In this study, CWIN1 was up-regulated in the immature internodes of both sugarcane clones, suggesting its role in the growth and pleiotropic effects. However, no expression of CWIN1was found in the maturing internodes of the mutant clone but up-regulated in parental clones strengthens the assumption of more sucrose synthesis and accumulation in high sucrose mutant clones regulated by sucrose phosphate synthase (SPS). Cell wall invertase (CWIN) cleaves the sucrose in sink tissues, particularly in top immature internodes, but its activity decreases with the maturity of the internode, and the same pattern was observed in the present results, consistent with [37, 38].

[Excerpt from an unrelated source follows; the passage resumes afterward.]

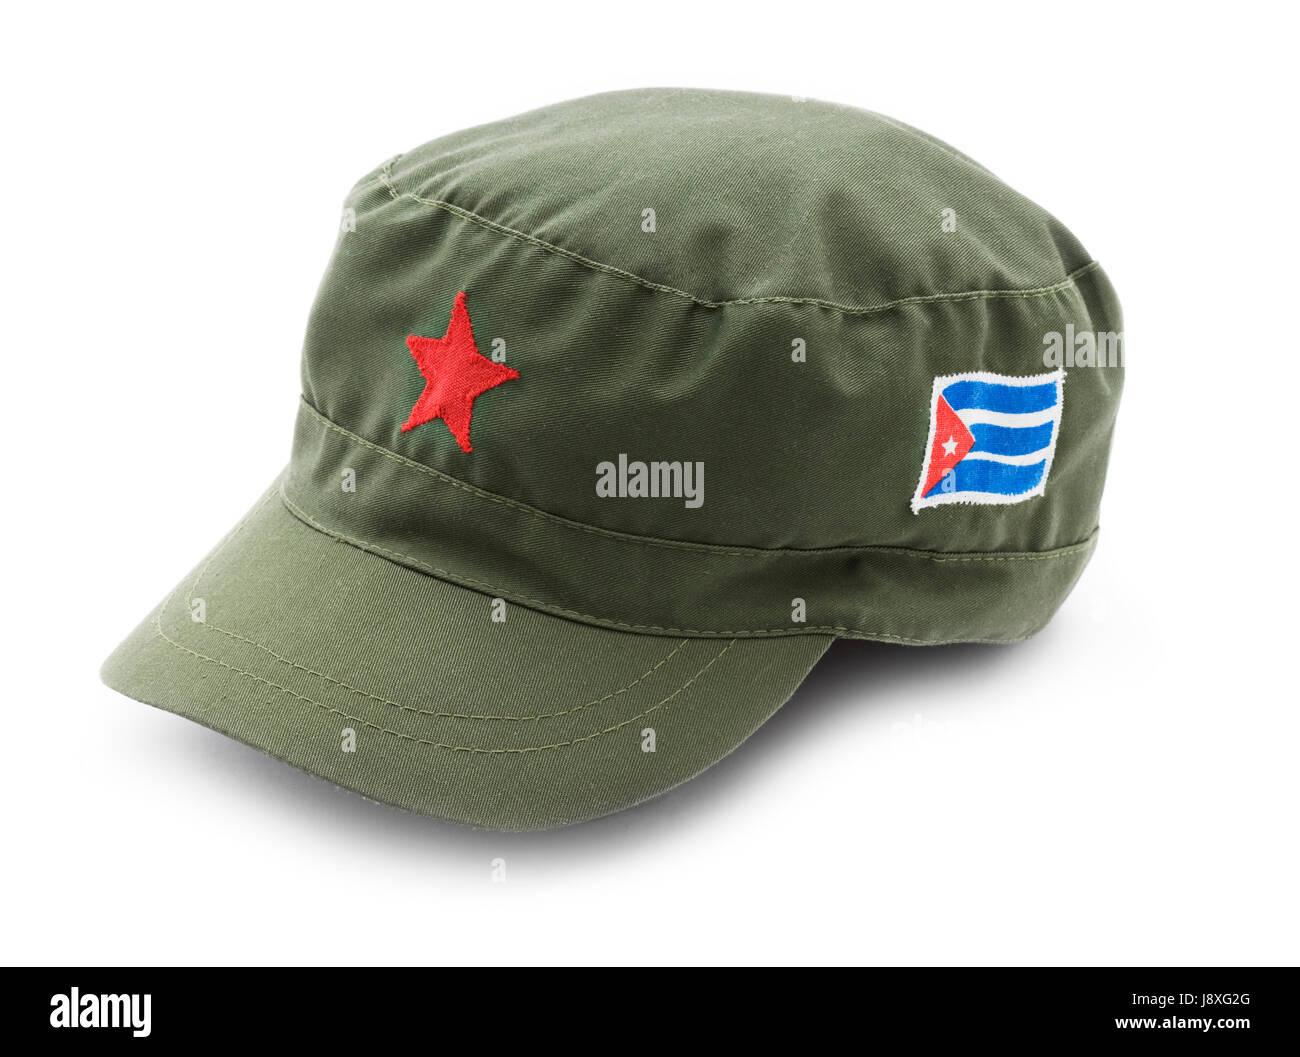 Hat 473611554401

Several SPS investigations in sugarcane have unveiled that the transcriptomic expression and activity of SPS genes were higher in the mature internodes than in the immature internodes of all sugarcane cultivars studied [14, 39]. The present study found that the SPS5 gene was up-regulated in the maturing internodes of the mutant clones and down-regulated in the same internodes of the low sucrose parental clone. Its upregulation in the current finding is positively correlated with the high sucrose accumulation in the mutant clones and is consistent with the previous reports. Higher SPS activity has been linked with higher sucrose concentration in mature internodes of sugarcane varieties, and lowered level activity has been connected with low sucrose in immature internodes; however, it is contradictory to the results reported by [40, 41], where immature internodes have higher SPS activity than in mature internodes. However, our results agree with [39], who recorded higher SPS activity in mature internodes of high sucrose sugarcane than in immature internodes.
Trehalose is a disaccharide molecule made of two glucose, and trehalose-6-phosphate (T6P) functions as its metabolic precursor [42]. The T6P results from a reaction between UDPG and glucose-6-phosphate (G6P) in the presence of trehalose-6-phosphate synthase (TPS) and is finally converted into trehalose by trehalose-6-phosphate phosphatase (TPP) [43]. Ultimately trehalose is cleaved into two glucose molecules by trehalase [44]. According to the needs situations of different tissues, T6P functions as signal transduction and negative feedback regulator of sucrose in source leaves [9, 45]. It affects sucrose concentration by influencing its synthesis in leaves and consumption in the sinks for growth and development purposes, including embryo development and leaf senescence [46]. TPS and TPP genes are present in species of all significant plant taxa [47,48,49,50,51]. In this study, the down-regulation of trehalose encoding DEGs in high sucrose mutant clones and up-regulation in low sucrose parental clones maybe have an essential role in higher sucrose accumulation in the high sucrose mutant clone.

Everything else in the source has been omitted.